Vellum is coming to the AI Engineering World's Fair in SF. Come visit our booth and get a live demo!

How can I use LLMs to classify user intents for my chatbot?

Learn how to build and evaluate intent handler logic in your chatbot workflow

Written by
Reviewed by
No items found.

Creating an AI chatbot involves more than just using a model API and adding context with your data.

You should also consider the various intents users might have and how to manage them.

In this blog post, we'll outline the steps to set up and evaluate intent detection in your chatbot workflow.

What Is Intent Detection?

Intent detection is a task that identifies a user's intention or desired outcome from their query. This task is essential for AI chatbots to provide accurate and relevant responses.

A very standard intent detection workflow uses a pre-trained LLM model, a prompt with instructions and context, and a handler logic for each of the intents.

Why do you need it?

Let’s look at a real example to illustrate the need for this step in a chatbot workflow.

Imagine that you’re building a customer service chatbot for an e-commerce business. Your visitors can ask the chatbot any question. Before the chatbot responds or takes any action, it needs to accurately understand the visitor's intent.

To keep this example simple, lets say that you have defined 5 intent categories: "Order Status", "Product Information", "Payments", "Returns" and "Feedback”.

For each category, there should be a distinct step where the LLM powered chatbot, figures out the user's intent.

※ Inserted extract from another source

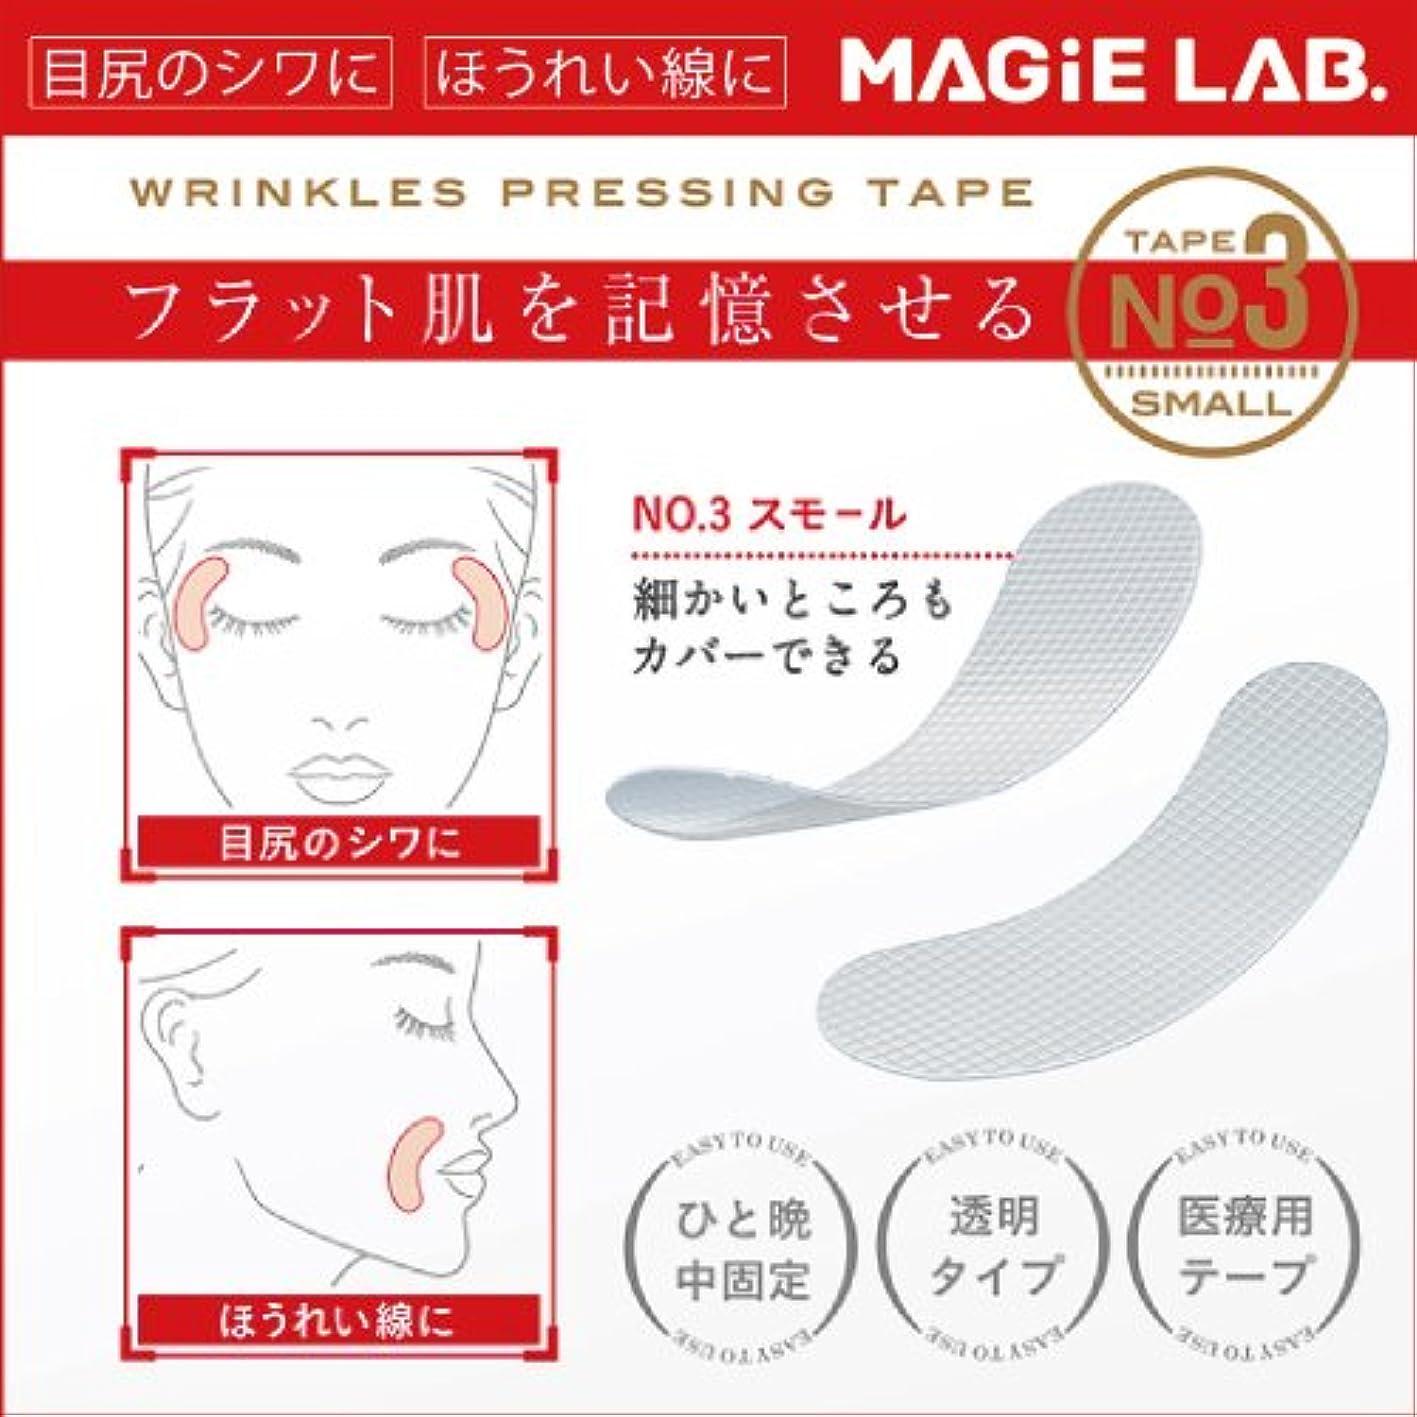 おしゃれじゃない欠かせない一見MAGiE LAB.(マジラボ) 細かいところもカバー お休み中のしわ伸ばしテープ No.3スモールタイプ MG22117

It does this by placing the user's question into the right category. After identifying the intent, the chatbot can then take the next appropriate actions for that particular category.

Having separate steps for the prompts and intent handlers is useful because each of your intents might need to do different actions. For example: “Returns” might need to be handled by an external service/API that a handler action should call, and the handler for “Product information” might just call an LLM and a context doc to answer with text response. Also, adding too many instructions in one prompt can also influence the performance.

Identifying these intents accurately allows the chatbot to respond better, call an external API or route the query to the correct personnel for further assistance.

In the next section we show you how to implement it.

How can you build intent detection for your chatbot?

To build a reliable intent detection for your chatbot you need to cover 4 critical steps:

  • Defining intents
  • Setting up the intent detection prompt
  • Setting up handler logic prompts
  • Testing and evaluating prompts/models

We give more details on these in the following sections.

Define intents

Identify the main reasons users interact with your chatbot, like asking for help or making a purchase.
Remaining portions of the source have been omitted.